Desperation appears to have pushed then-King’s President Tim Gibson to agree to an unusual deal with Primacorp in April 2021. According to a former staff member who read the agreement, Primacorp would take over fundraising, marketing and admissions for the college and collect 95% of tuition coming from students attending online, which has been a financial boon for many schools. Primacorp was also given the ability to nominate four of nine trustees to King’s board, according to tax documents.


Gibson, who resigned in August 2022, could not be reached for comment.

Stockwell Day, a former Canadian politician who once consulted for Primacorp, took over as interim president. Day became chairman of the board of trustees at King’s in October 2021.

In September, Day announced that Primacorp would help King’s launch an online program for the 2023-2024 school year and recruit 6,000 remote students within five years. Two months later, Day announced layoffs, a tuition hike and other “rightsizing” measures.

Former staff members and faculty describe the Primacorp takeover as chaotic and a waste of funds. Primacorp hired dozens of staffers in 2021 to market four online majors but laid off almost all of them within two years.

Two fundraising staff were tasked to raise $12 million without a budget to do so.

Sophia Coston, a King’s alumna hired by Primacorp to start an alumni relations department, said she also never received a budget. She said it became common for staff to use their personal credit cards for expenses and then file for reimbursements that could take months.

“We tried to ask questions, and they just weren’t being answered. And so we had to kind of fight our way through a plan anyway,” Coston said. She left in January.
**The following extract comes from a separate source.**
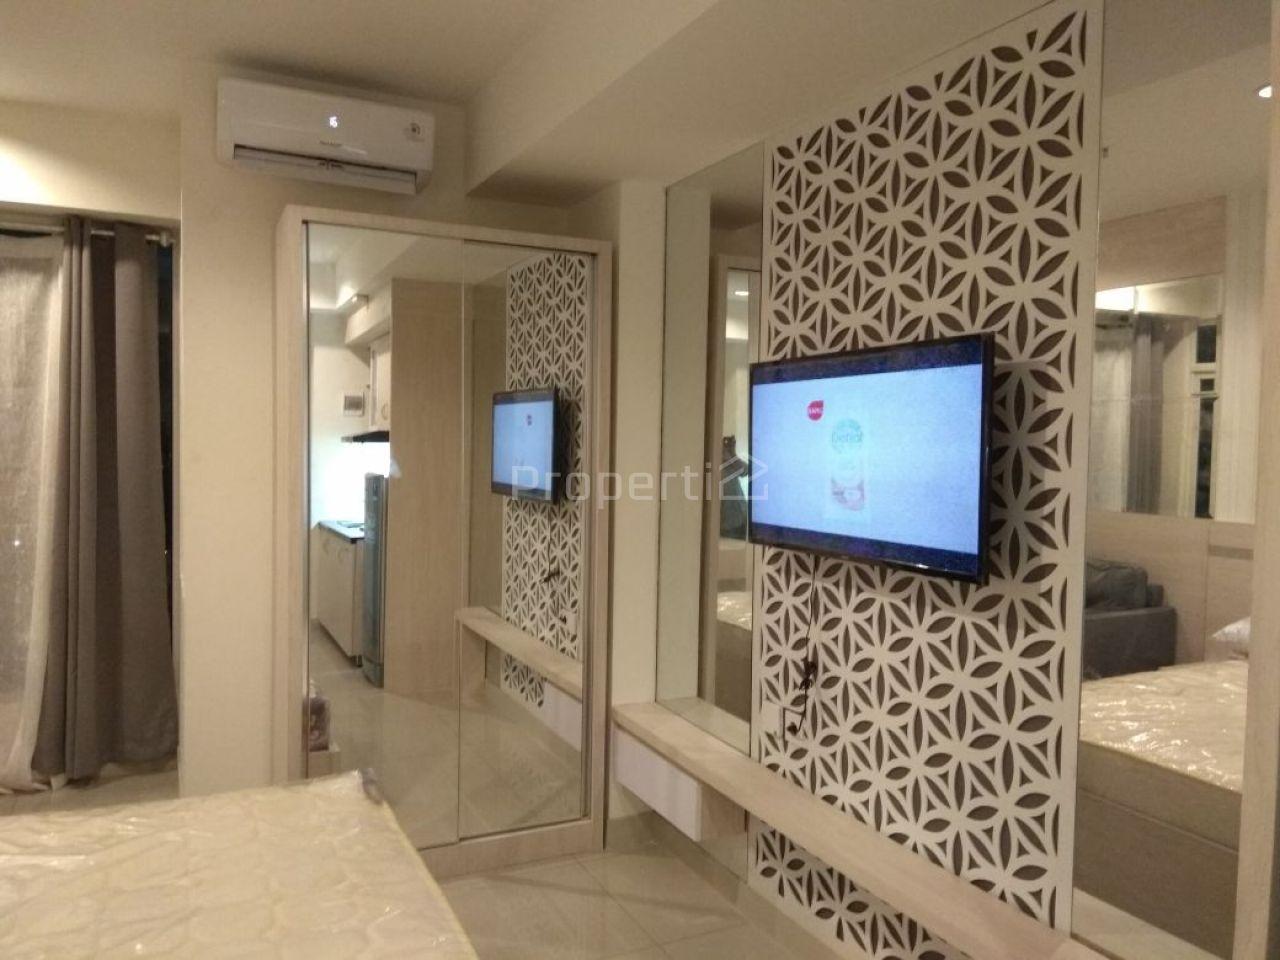 Fully Furnished Studio Unit on 9th Floor Grand Kamala Lagoon, Jawa Barat

The King's College is located in Manhattan's financial district in New York City. Image courtesy of Google Maps

The King’s College is in Manhattan’s financial district in New York City. Image courtesy of Google Maps

As King’s tries to stave off closure, Chung has stepped in with a $2 million interest-free loan as King’s awaits the release of that amount in pandemic-related government assistance.

An independent audit shows that King’s received a $10 million line of credit from an investment firm affiliated with Primacorp, which is secured to the college’s only property, a former hotel in lower Manhattan purchased in 2018 for $19 million. That building is now reported to be for sale, and students moved out of the building over the summer. However, one former staff member said at least one potential buyer’s offer was made that no one followed up on.
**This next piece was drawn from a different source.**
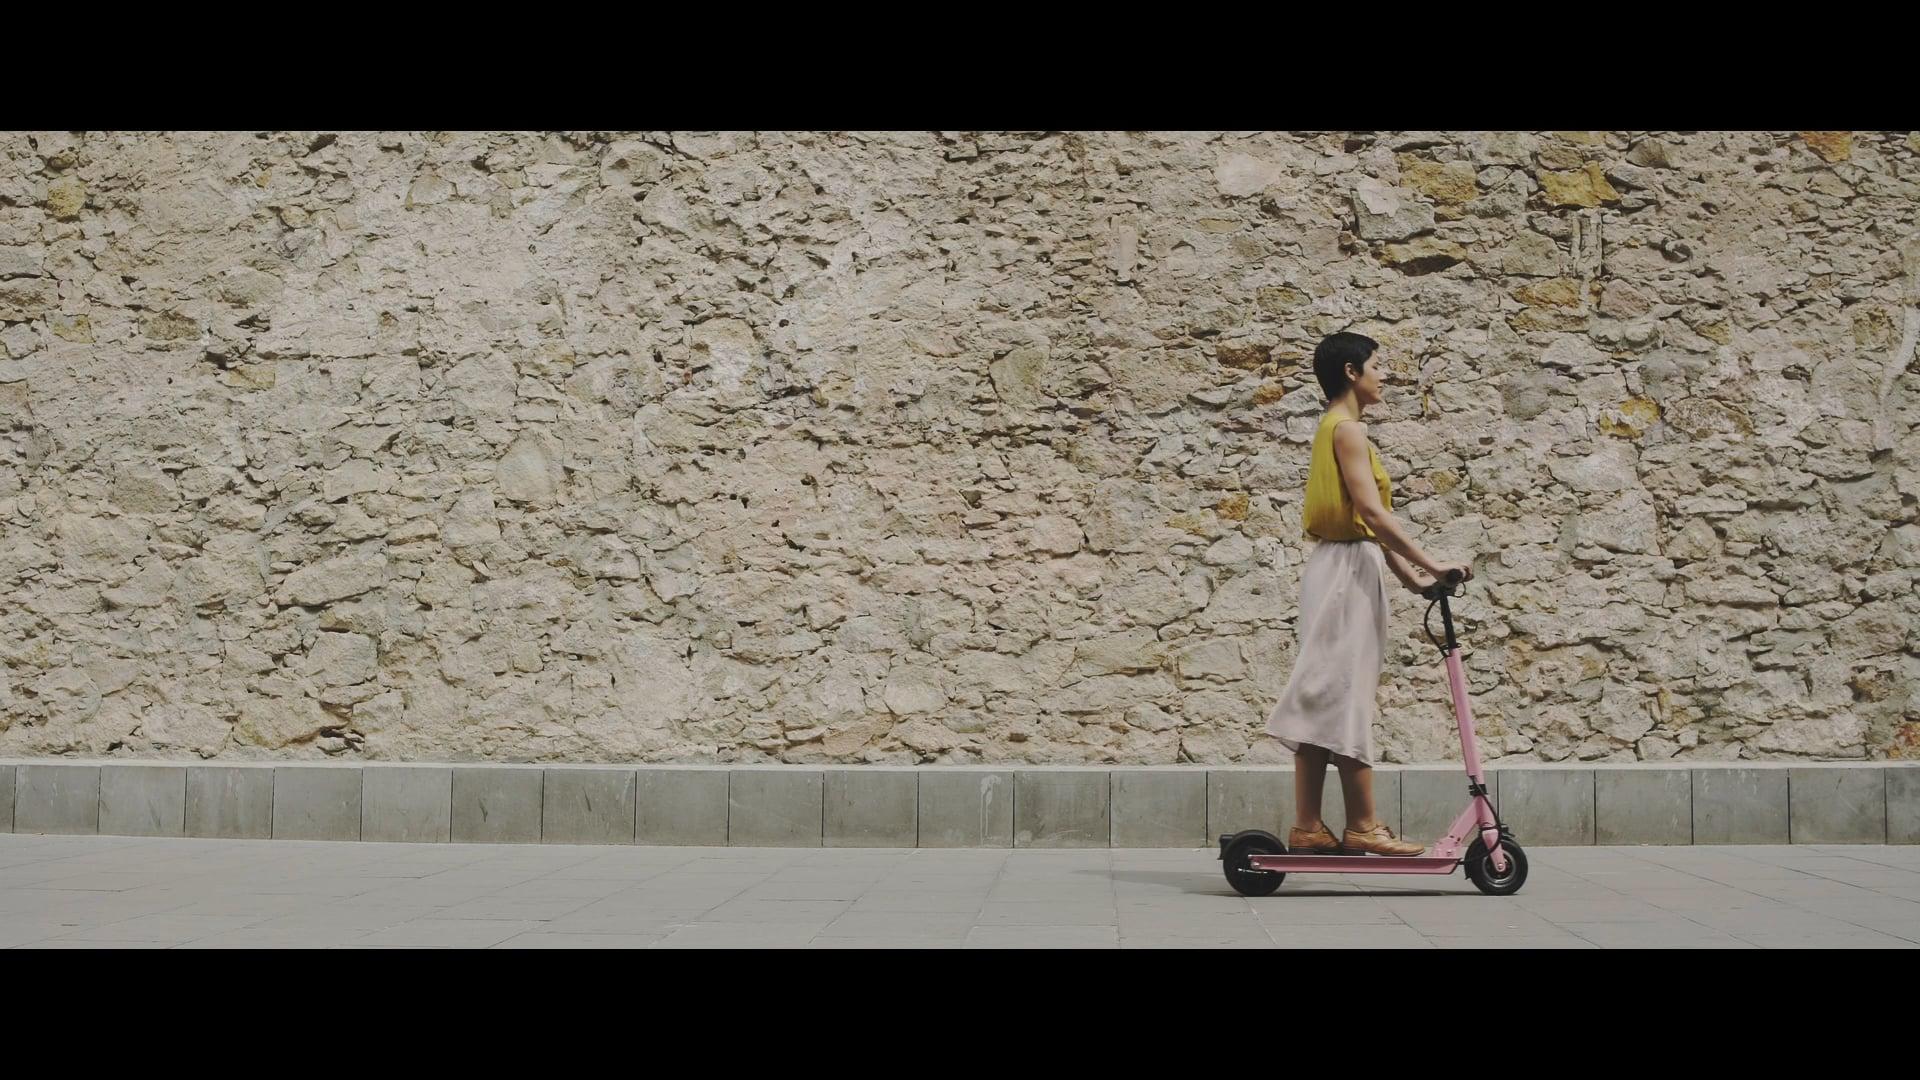 Joyor Scooter - Short Version

Many compare the period of Primacorp’s involvement at King’s with the company’s 2020 agreement with Quest University in Canada, in which Primacorp agreed to provide similar services in exchange for ownership of land and buildings at the school to then lease back. But Primacorp stopped providing those services, and Quest is scheduled to close this year, with its real estate assets priced at about $18 million more than Primacorp paid.
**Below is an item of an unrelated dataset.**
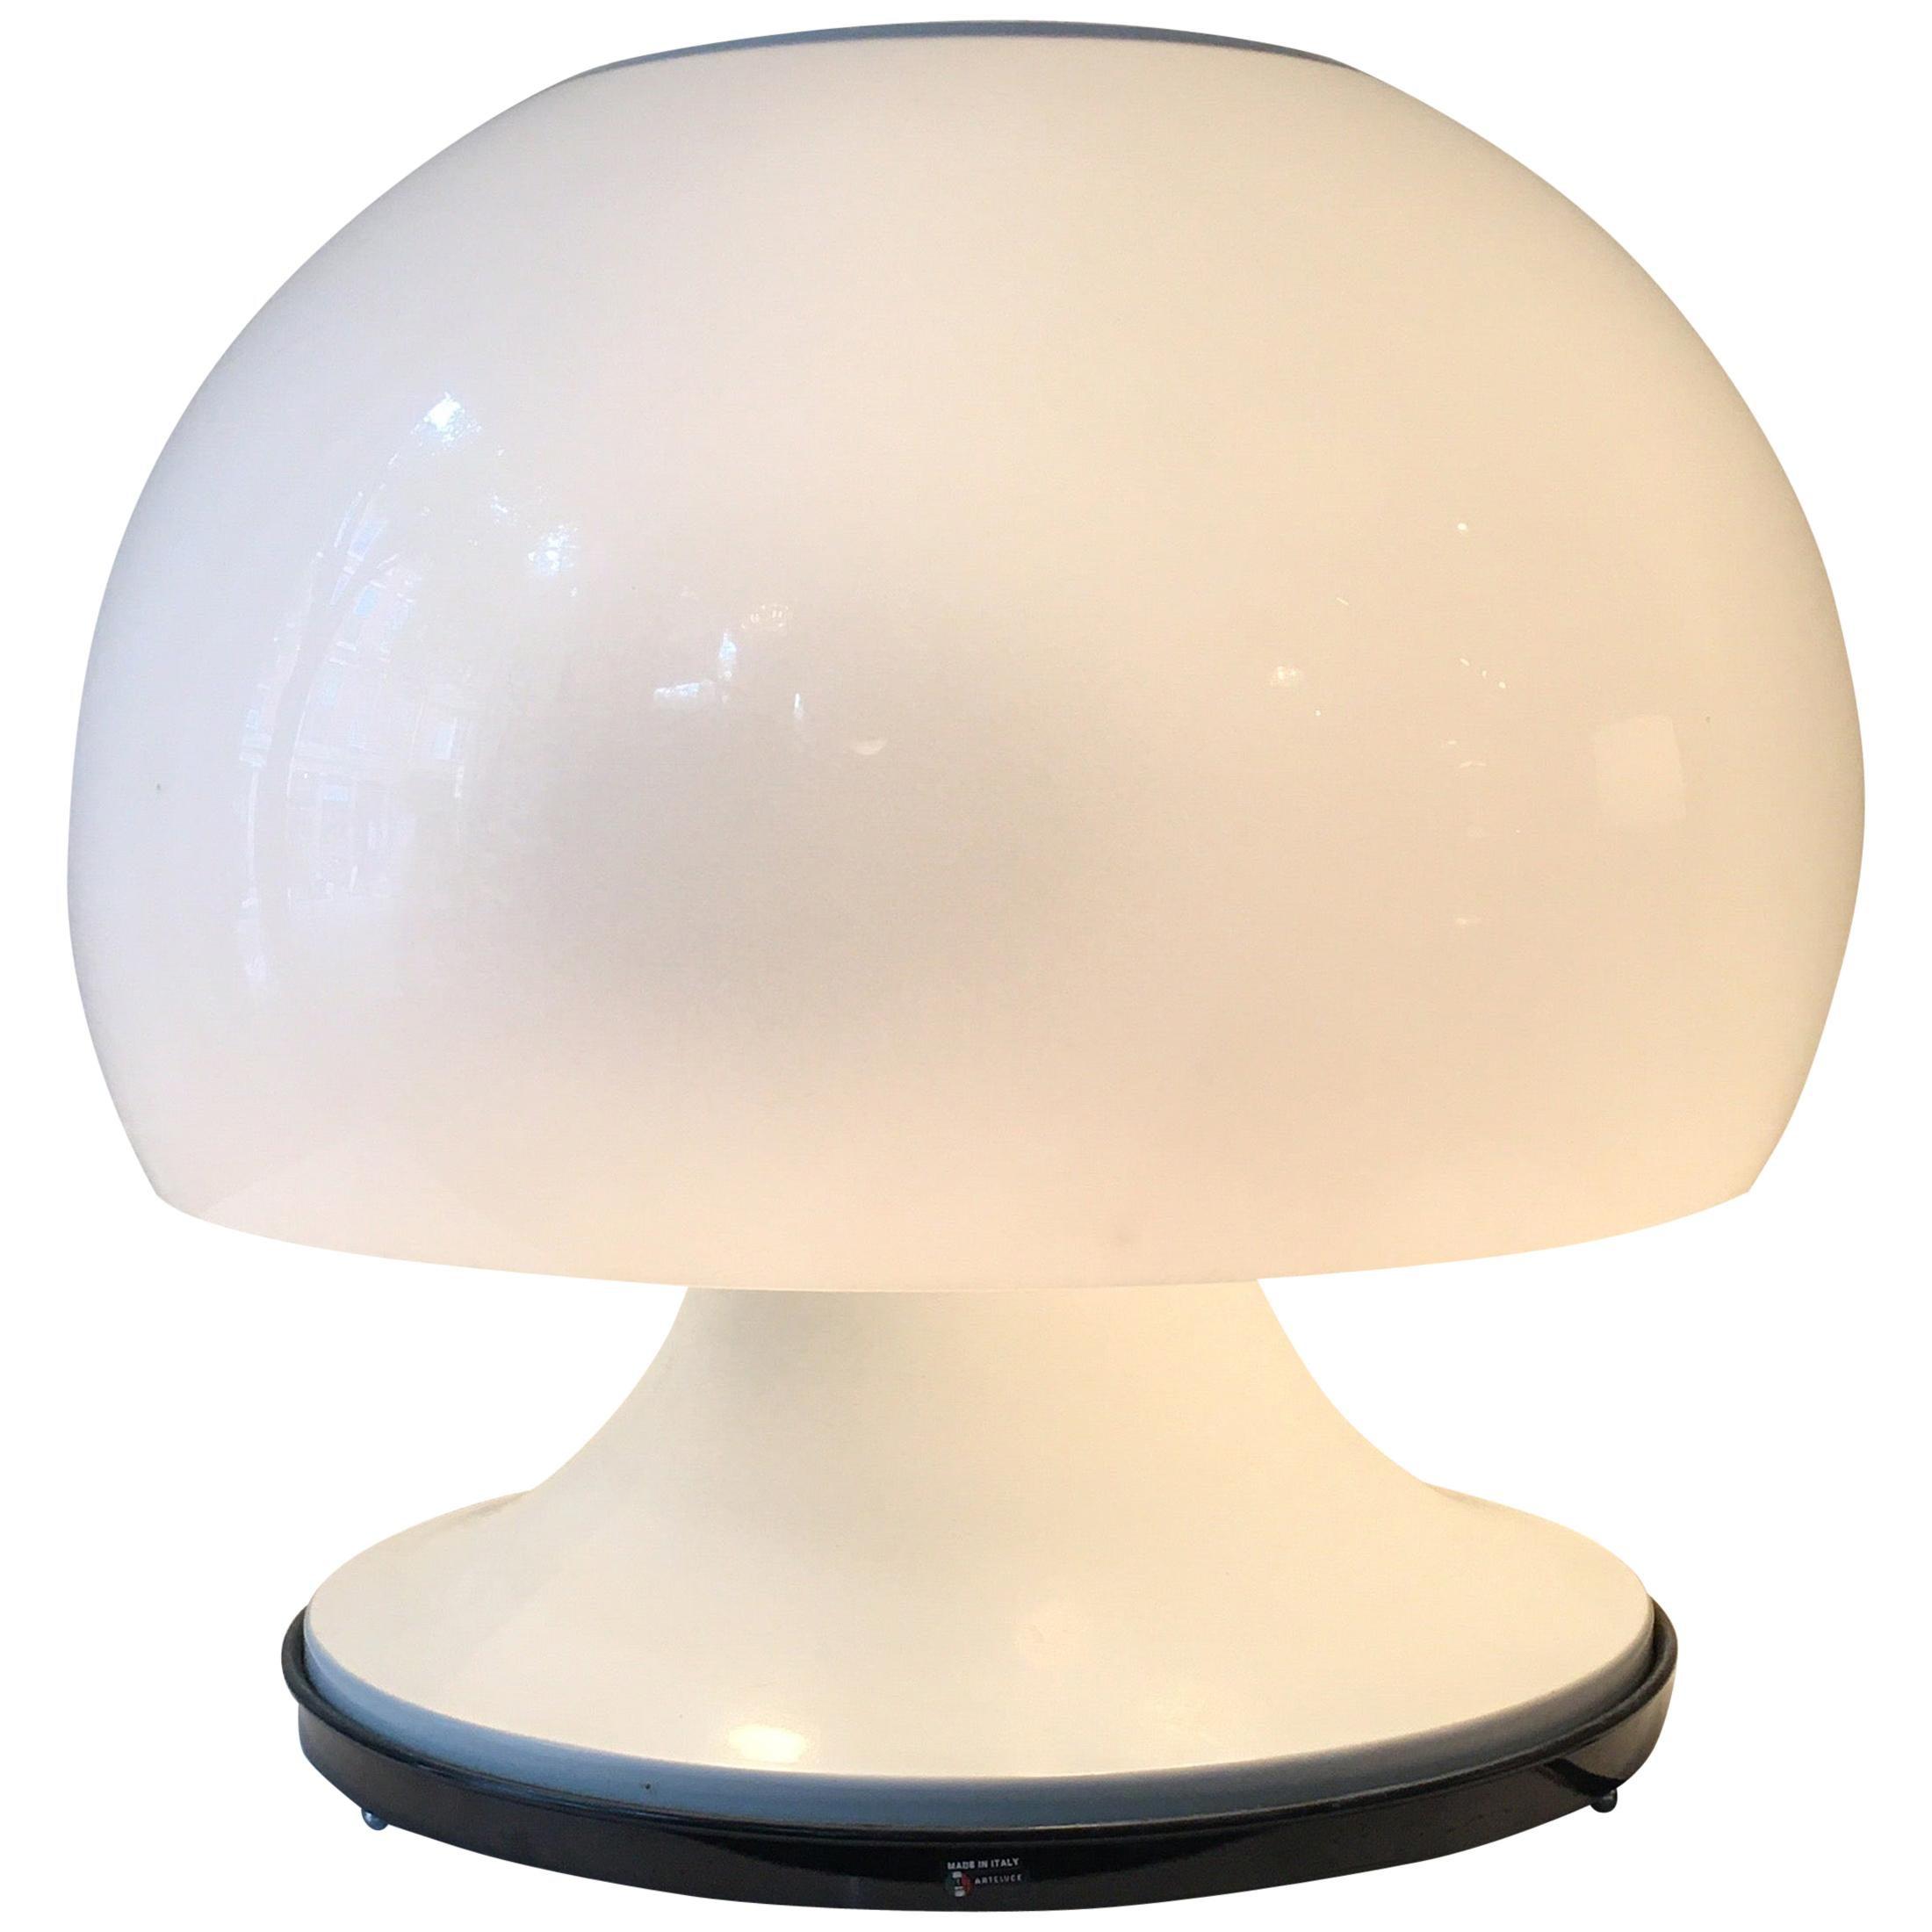 Gino Sarfatti Model 596 Table Lamp for Arteluce

Chung also faces accusations of misleading students and lying about the accreditation of the for-profit CDI College in Canada owned by Eminata Group, a company owned by Chung, and a school he owned in California that closed in 1993. Chung didn’t respond to a request for comment.

Faculty members say grades and classwork don’t seem to matter to students anymore.

Myrian Garcia, a graduating senior at King’s, said the mood on campus has been dropping since the summer when Gibson resigned. She’s worried that if the college closes, she will have to talk about it in job interviews.


“It’s a little daunting,” she said. “I just know if they look up The King’s College on Google or something, articles about King’s are going to pop up.”